- White Plains Location within the state of Maryland White Plains White Plains (the United States)
- Coordinates: 38°35′25″N 76°56′26″W﻿ / ﻿38.59028°N 76.94056°W
- Country: United States
- State: Maryland
- County: Charles
- Elevation: 197 ft (60 m)
- Time zone: UTC-5 (Eastern (EST))
- • Summer (DST): UTC-4 (EDT)
- GNIS feature ID: 591545

= White Plains, Maryland =

Unincorporated community in Maryland, United States

White Plains is an unincorporated community in Charles County, Maryland, in the United States, just south of Waldorf.

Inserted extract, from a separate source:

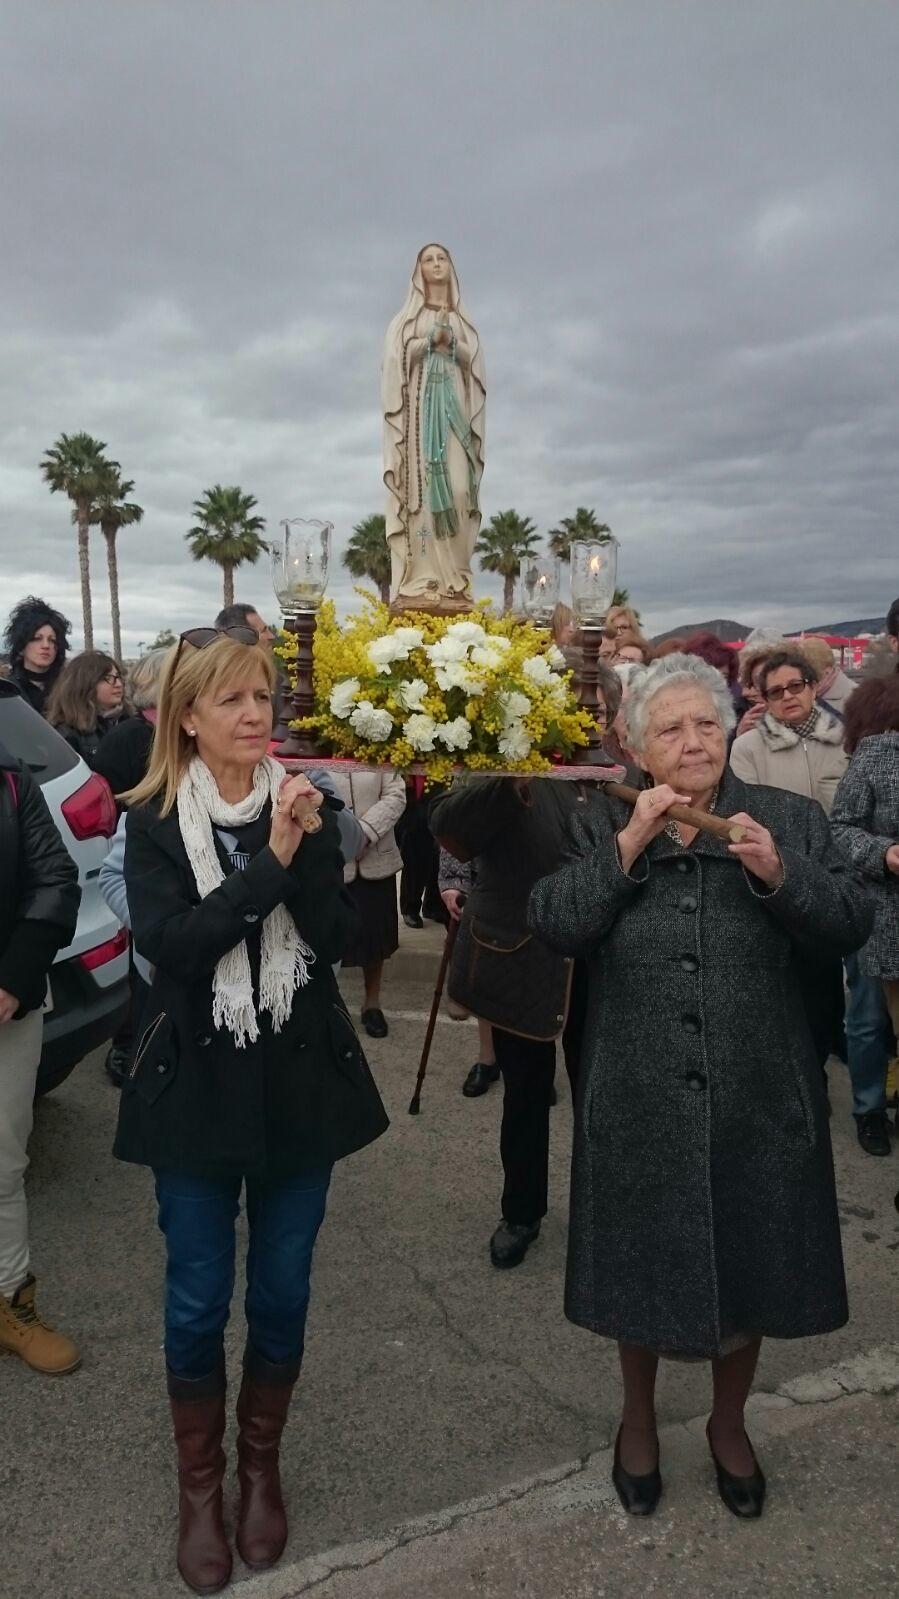 (2016-02-13) - Inauguración Virgen de Lourdes, La Molineta - Pascual Serrano (02)

It is at latitude 38°35'25" N, longitude 76°56'26" W. The United States Postal Service has assigned White Plains the ZIP Code 20695. The commercial portion of White Plains lies along U.S. Route 301. The area is experiencing population sprawl from the adjacent unincorporated communities of Waldorf and St. Charles and features new office parks and a scenic new rail trail. The Charles County Department of Health is headquartered in White Plains, and a public golf course is also there. Plans to complete an east–west connector road in the area were mired in controversy because of alleged adverse effects on the environment.

The historic home Spye Park was listed on the National Register of Historic Places in 1990.